Existing equilibrium-finding methods for heterogeneous games lack a unified framework capable of adapting to diverse game structures. This work proposes a structure-aware solver composition framework that maps games into a low-dimensional, continuous representation space aligned with solver behavior, enabling dynamic assembly of base solver primitives tailored to local game regions. By introducing a geometric perspective on game solvability, the approach transcends the limitations of traditional discrete categorization and integrates a structure identification network, a strategy mapping mechanism, and bounded residual correction. Experiments reveal that fixed primitives suffer from systematic regional mismatches, whereas learned representations construct a structured game spectrum that effectively uncovers the continuous boundaries of algorithmic performance validity.

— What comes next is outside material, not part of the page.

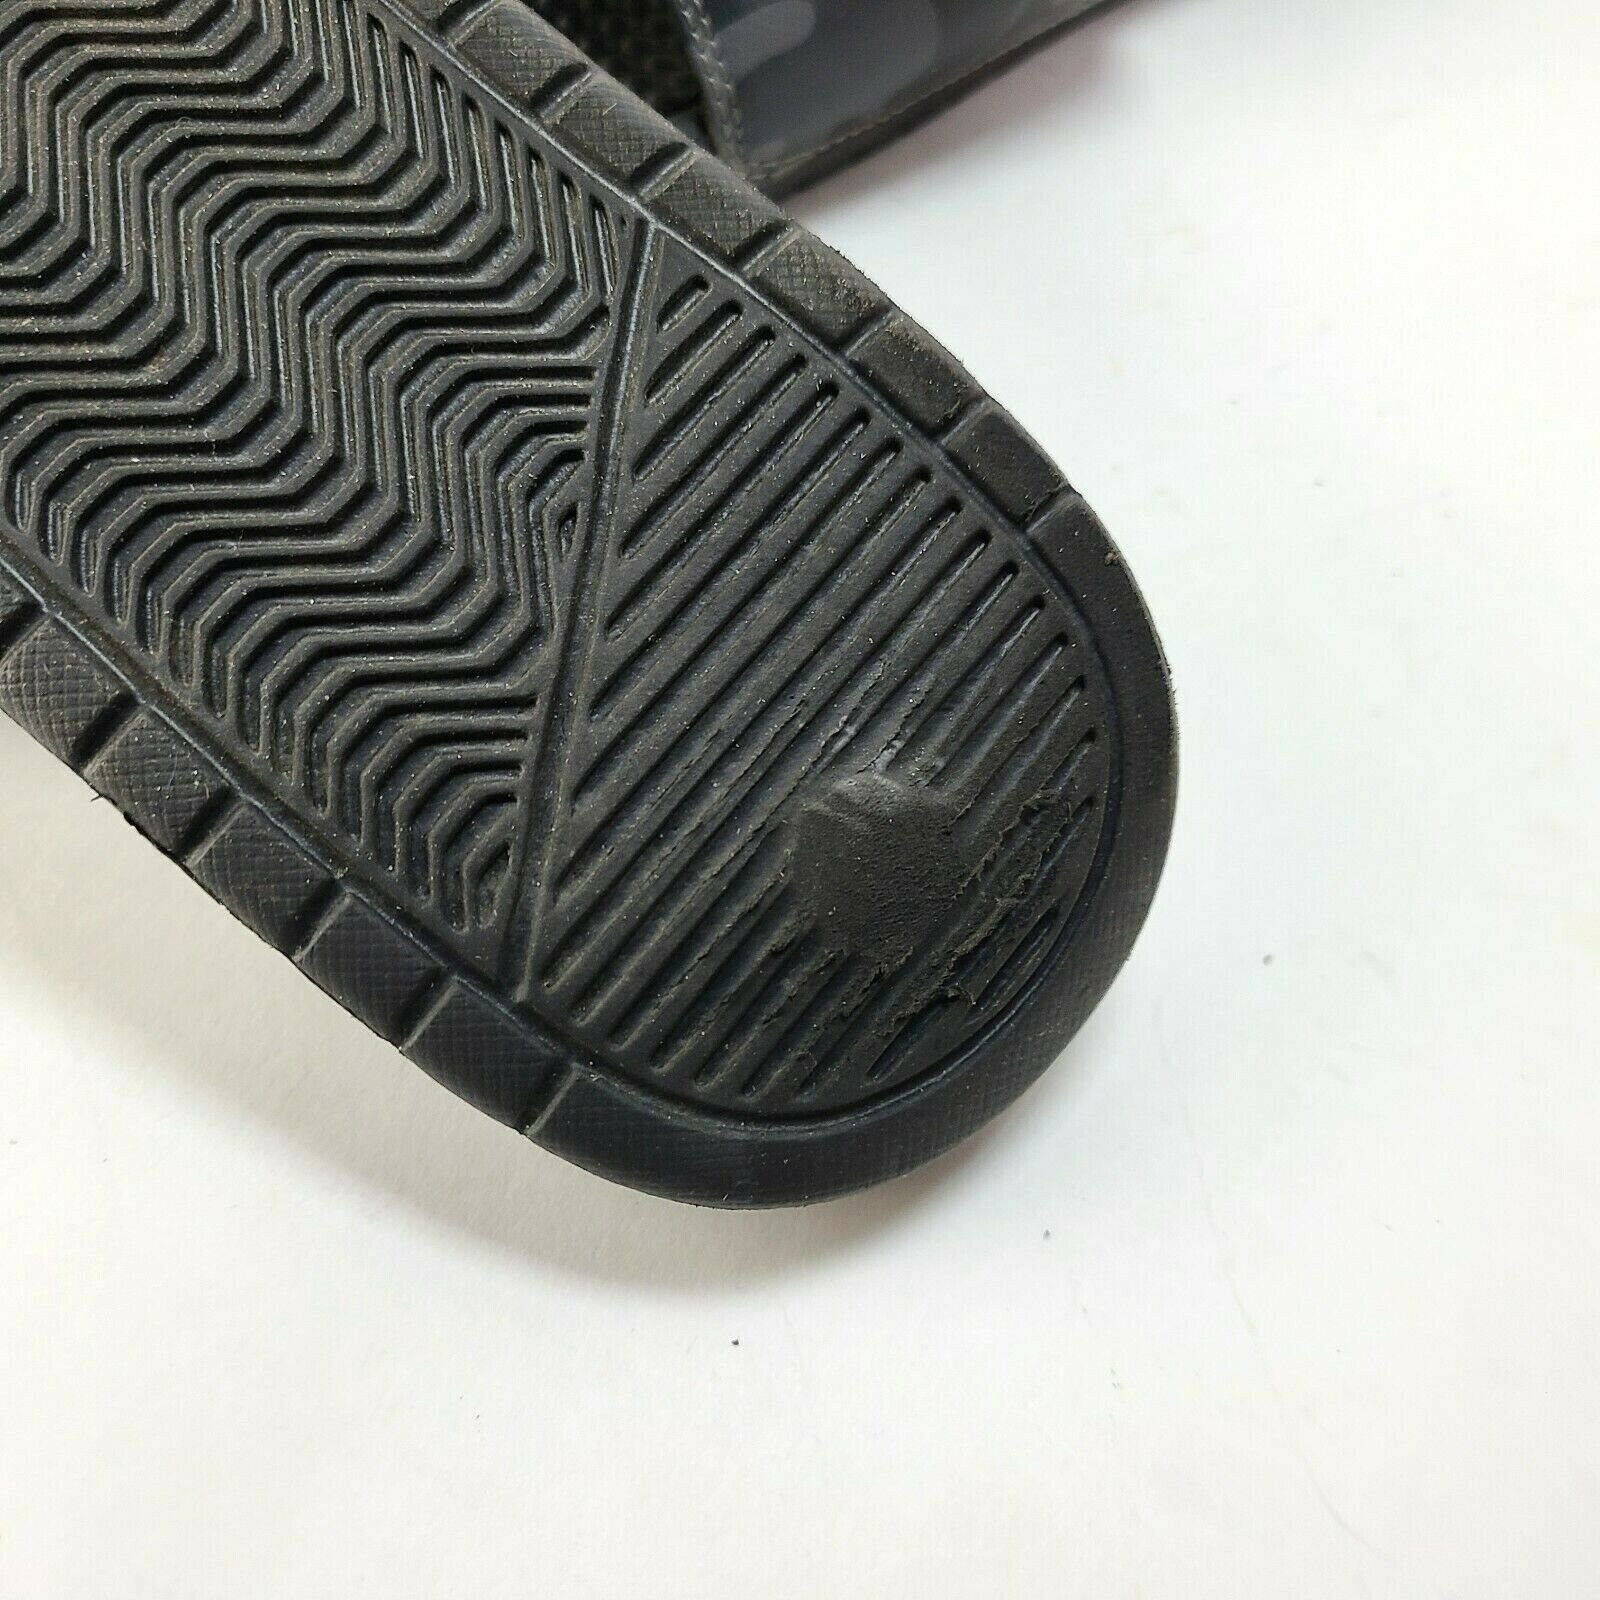 Nike Printed Sports Slide Sandals Men's Size 10 Black Camo

A central challenge in game theory and learning systems such as GANs is understanding which algorithms can efficiently compute equilibria across the heterogeneous landscape of games. Equilibrium computation is typically studied solver by solver and game class by game class, yielding strong local guarantees but a fragmented view of solver behaviour. Existing discrete taxonomies often provide an incomplete account of where algorithms succeed. We study this problem through a solver-game map linking games to effective solver dynamics. Classical theory identifies isolated regions of this map but provides limited insight into intermediate or overlapping regimes, suggesting that solvability is governed by latent structural properties defining a continuous solver-aligned geometry of games. We formalise this perspective through structure-aware solver synthesis. A learned structure recogniser maps each game to a low-dimensional solver-aligned representation, and a policy maps this representation to effective primitive mechanisms, adapting solver behaviour across regimes. This reveals regions where particular solver dynamics are effective and where mixtures of primitives are required rather than a single dominant solver. A bounded residual acts as a local corrector and diagnostic signal for incomplete solver bases or representations. The framework yields both an adaptive solver and an analytical lens: games with similar optimisation dynamics cluster together, revealing continuous regions of algorithmic validity and overlapping solver behaviour. Empirically, we show that fixed primitives exhibit systematic regime mismatch, while the learned representation organises game space into a structured cartography aligned with solver behaviour. These results suggest viewing equilibrium computation as the joint problem of learning solver mechanisms and mapping the geometry of solvability.